In the meantime a physician patient can go to a main patient program, where we can get fully reimbursed patients are built on a nametag program or similar structures in a lot of different countries. In this time frame, until you will be fully commercial, you basically can provide commercial reimbursed product to the patient to all these specific programs. So this is what we call the dual strategy we are utilizing in the Europe direct, which we also will someday implement in the international market but we will not be the M&A holder in the international market. It will typically be handed to our sales and distribution agents.

For the other thing about hypochondroplasia, it's really, really is an interesting aspect for us because we are the only company that have 2 store in growth disorders. Growth disorder is about 30, 40 different diseases. We are the only company that have a once-weekly growth hormone, a once-weekly CMP molecule with really the best-in-class properties for both of these 2 mode of actions.

So what we are doing, and that is part of our Vision 2030, making an integrated strategy, how we are going to be the leading company in growth disorder. And that is not only to address hypochondroplasia but address the other -- including the other 30 other diseases that is in growth disorder. And we believe some of them will be best treated with growth hormone. Some of them will be best treated with CNP, but also many of them will potentially be integrated in a combination therapy.

And this is why we believe why we can be positioned to be the leader in growth disorder because we have the 2 cornerstone for basic to handle all the 30 disease. So much more to come when we come up next year where we will come with our integrated strategy, how we're building up to be the leading company in growth orders.

And our last question comes from Sushila Hernandez with Kempen.

Could you elaborate on SKYTROFA becoming a blockbuster in the U.S. alone? What needs to happen? What are the key drivers?

The key driver is to continue what we're doing. This is exactly what we're doing. We are doing a continued showing, get the physician, the patient to really getting the treatment benefit of SKYTROFA, has the best-in-class product opportunity inside the group disorder. We will be helped by a lot of different things. The consolidation of the daily growth hormone market. We saw one of the major player is not stopping. We see all of the major payers with daily growth hormone stopping.

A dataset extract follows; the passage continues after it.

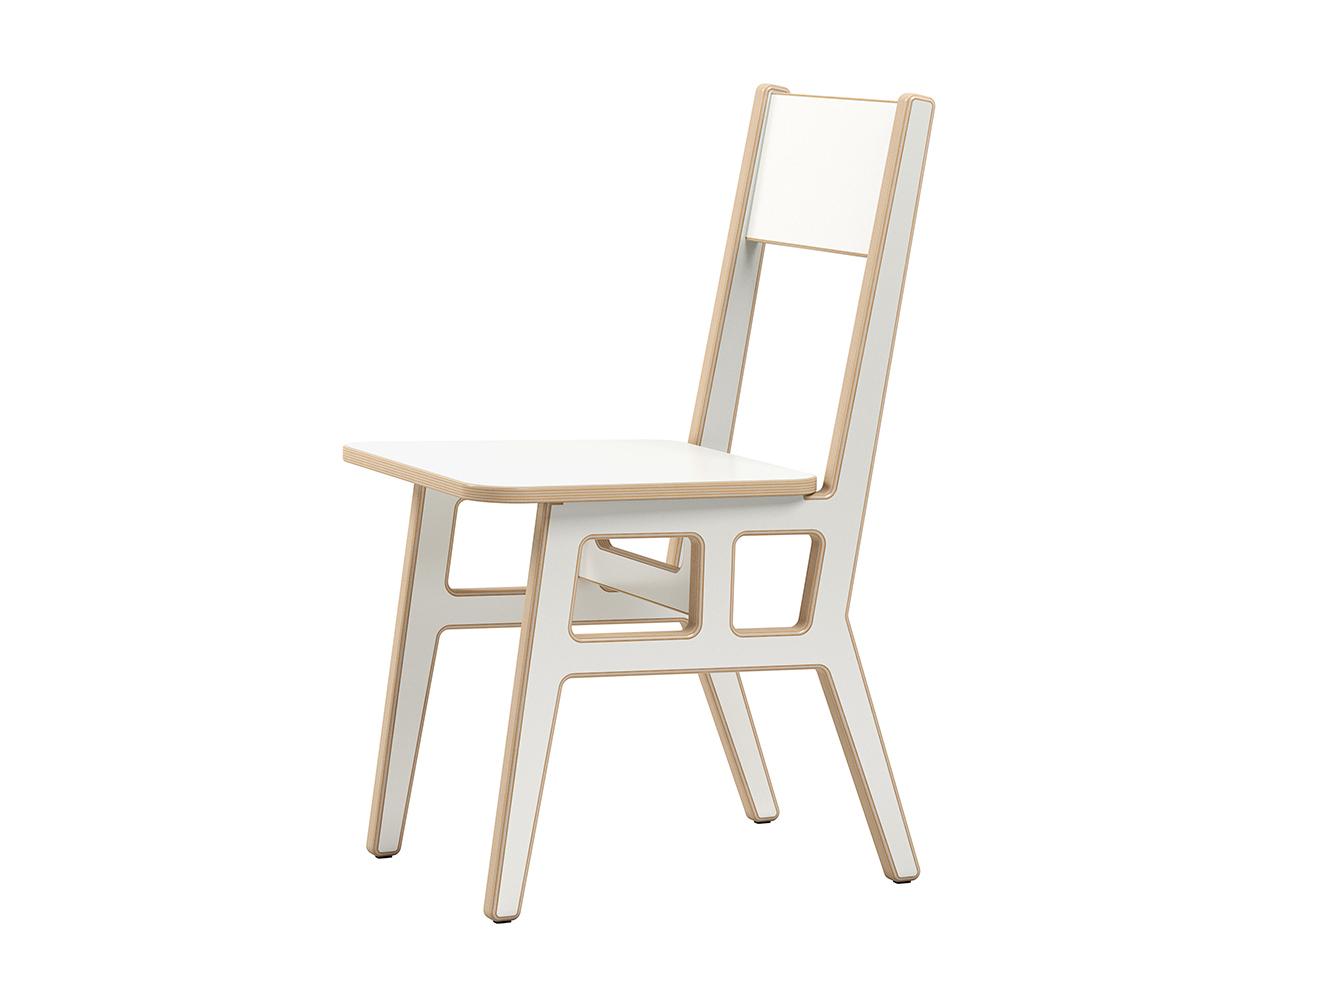 Кухонный стул Studiola 15434462 от thefurnish
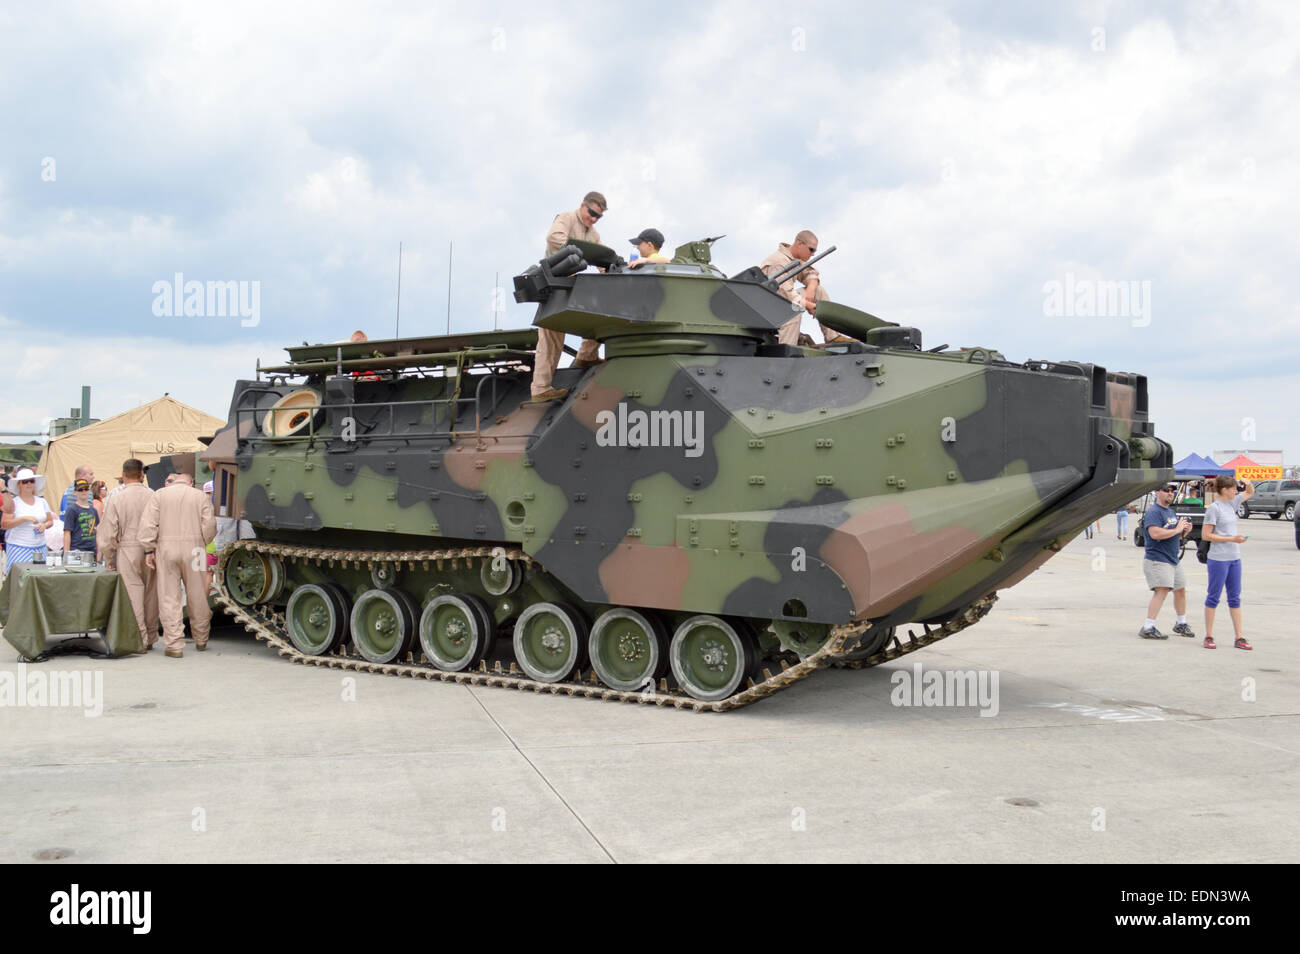 A AAV-7 armored amphibious assault vehicle. Stock Photo

So the consolidation of the daily growth hormone, where potentially 1 or 2 players will be left in more or less in a cash segment, it's really, really, really only the beginning of it. We're still in a small part of it. We believe we have less than 20% of the growth hormone deficiency, pediatric growth hormone deficiency. We can also grow it now in adult growth hormone efficiency. We have our trial coming in now. And then we also see the more and more experienced people get up the long-acting, they realize there's only one choice. And I don't need to say that name because there's only guy that really some give the limit for this product.

There are no further questions. Thank you for your participation. This does conclude the program, and you may now disconnect. Everyone, have a great day.